Deformation Cages are activated adding a Cage object from the Spline menu. This object
is invisible to the rendering engine, its points can not be deleted or added and has really no influence over the
scene unless it is parented to another object. After parenting it with another object using Amiga-G, its position,
size and alignment change to encompass the volume of the object it is parented to. No shape change is visible yet,
because the Cage is in its Rest Position. It can be noted, however, that redrawing and previewing of the scene
get a little slower since the Cage has to apply control each vertex of the original object everytime it is redrawn.

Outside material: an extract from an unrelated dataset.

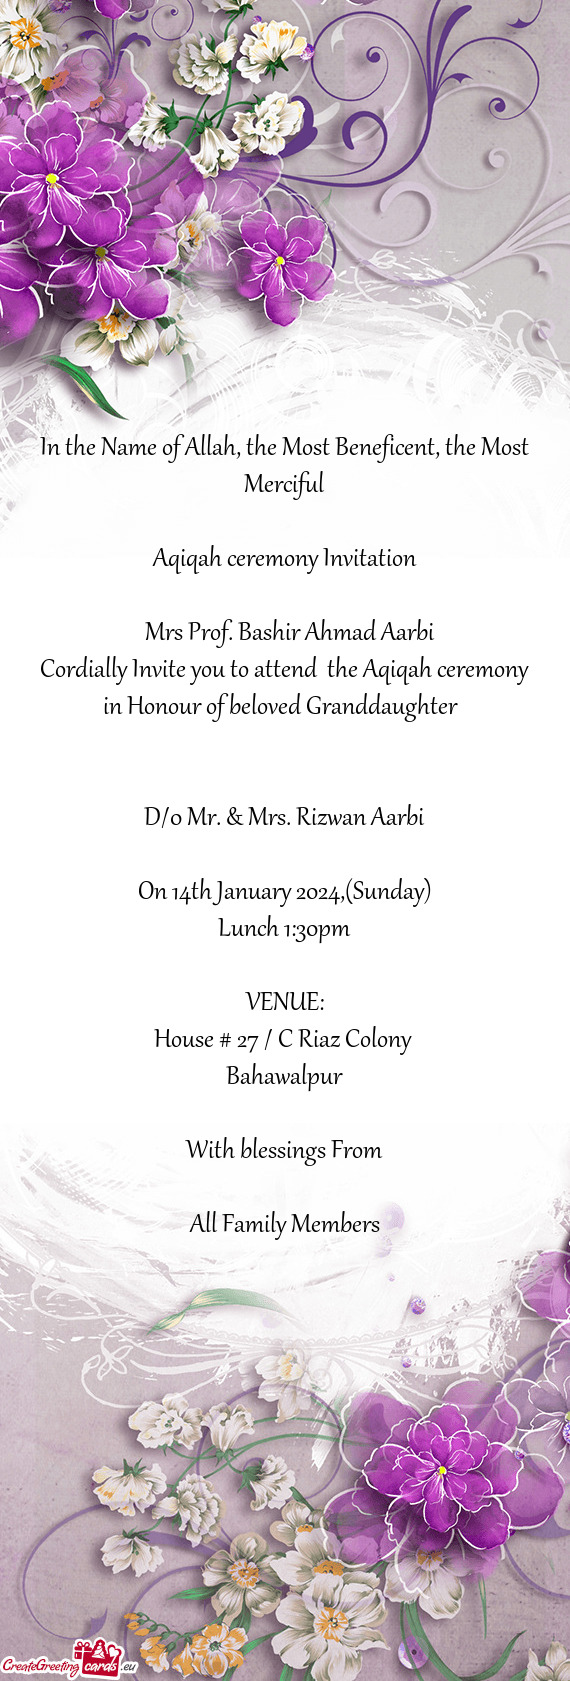 Mrs Prof. Bashir Ahmad Aarbi

Selecting the Cage and entering Point Mode allows to modify the Cage's shape, and the
changes applied to it are reflected in real time as smooth changes over the parent object's surface (this only
works with move,scale and rotate; bend,taper, etc. do not allow to have realtime Cages preview but their effect
is applied anyway). Once the object has changed shape the way we want, the transformation may be fixed in place
by ungrouping it and accepting the changes. Since the deformation is independant from the objects representation,
it is even possible to deform a simple object, with few polygons, and then increase its detail with subdivision
or metameshing: the deformation will be applied to the new structure at full precision.
Cages are also useful in animation, if the deformation is not fixed. Keeping the two objects
grouped and creating auto-morphings for the Cage, allows to animate complex deformations with minimal memory requirements,
since only the 64 points of the Cage are stored even if the parent object has thousand of vertices.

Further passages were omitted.